> [DATA EXCERPT]:
═══

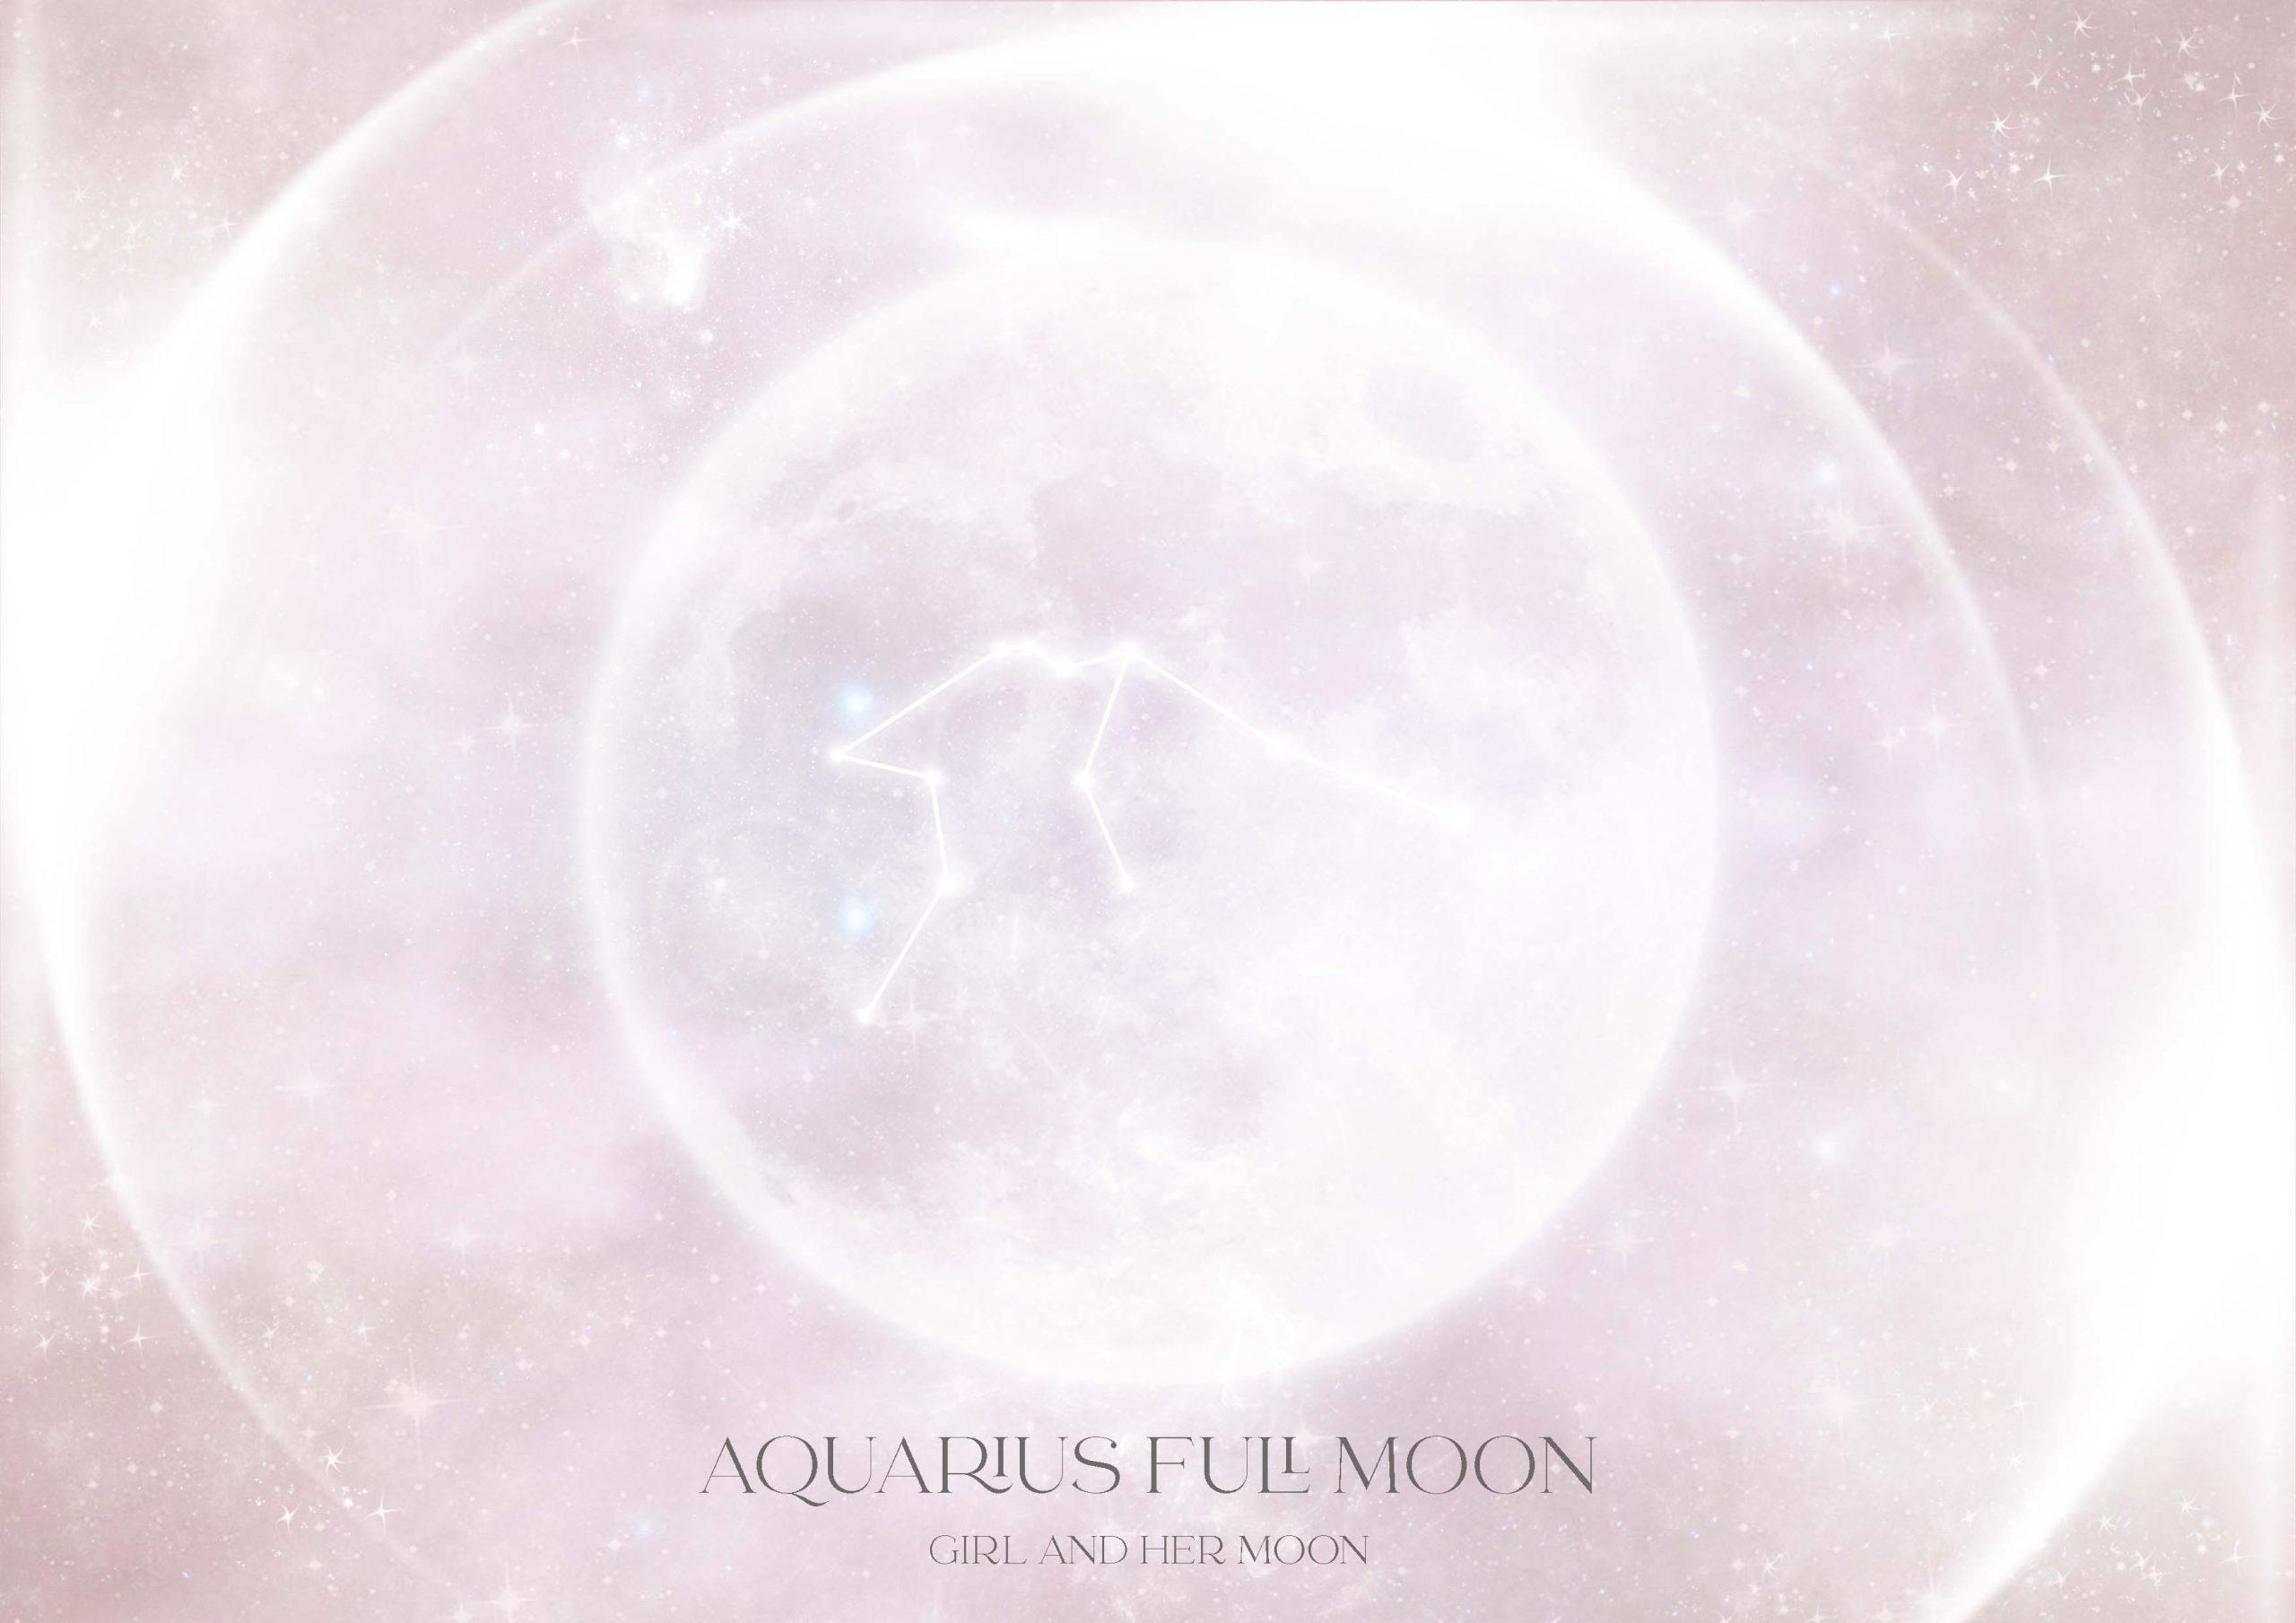 Aquarius Full Moon August 2021 Girl and Her Moon
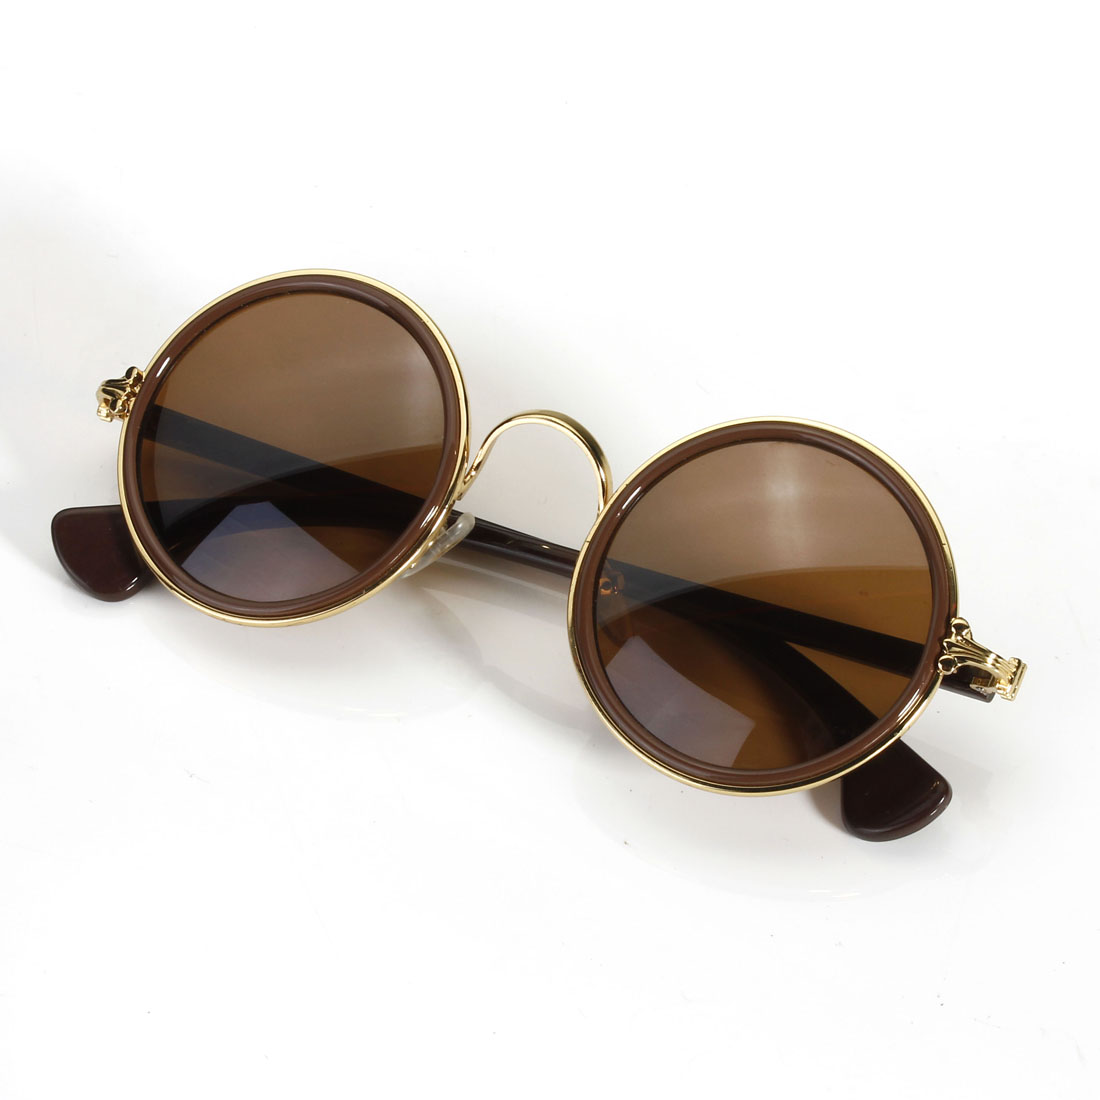 Tondi occhiali da sole sunglasses vintage retro rotondi for Occhiali tondi da vista vintage
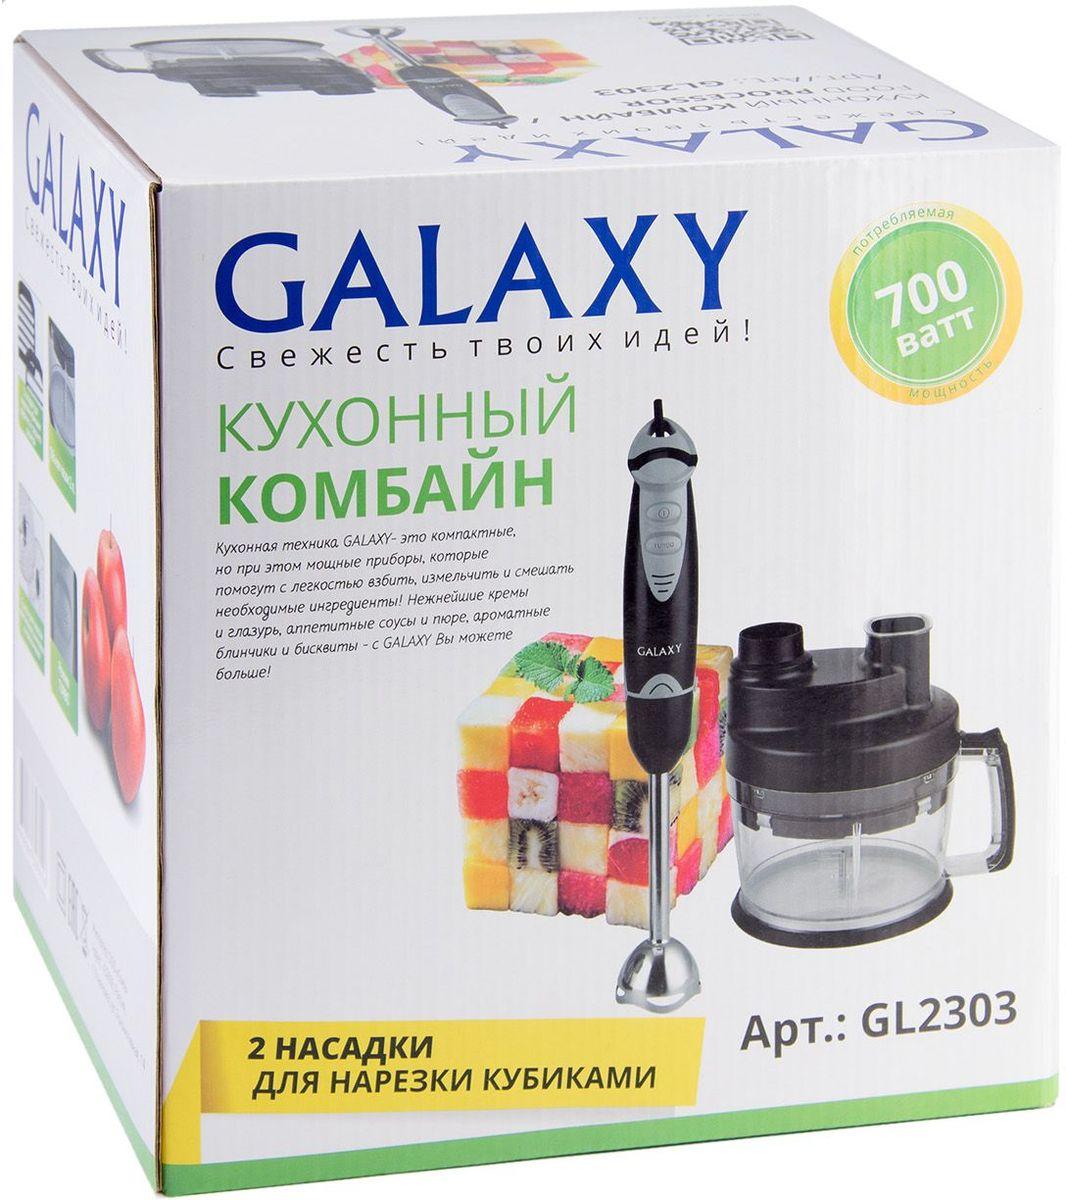 Кухонный комбайн Galaxy GL 2303, Black Galaxy

═══

> [TASK DETAILS]:
Print the material again word for word. Please drop every picture.

> [TASK RESULT]:
 Aquarius Full Moon August 2021 Girl and Her Moon
 Tondi occhiali da sole sunglasses vintage retro rotondi for Occhiali tondi da vista vintage
 Кухонный комбайн Galaxy GL 2303, Black Galaxy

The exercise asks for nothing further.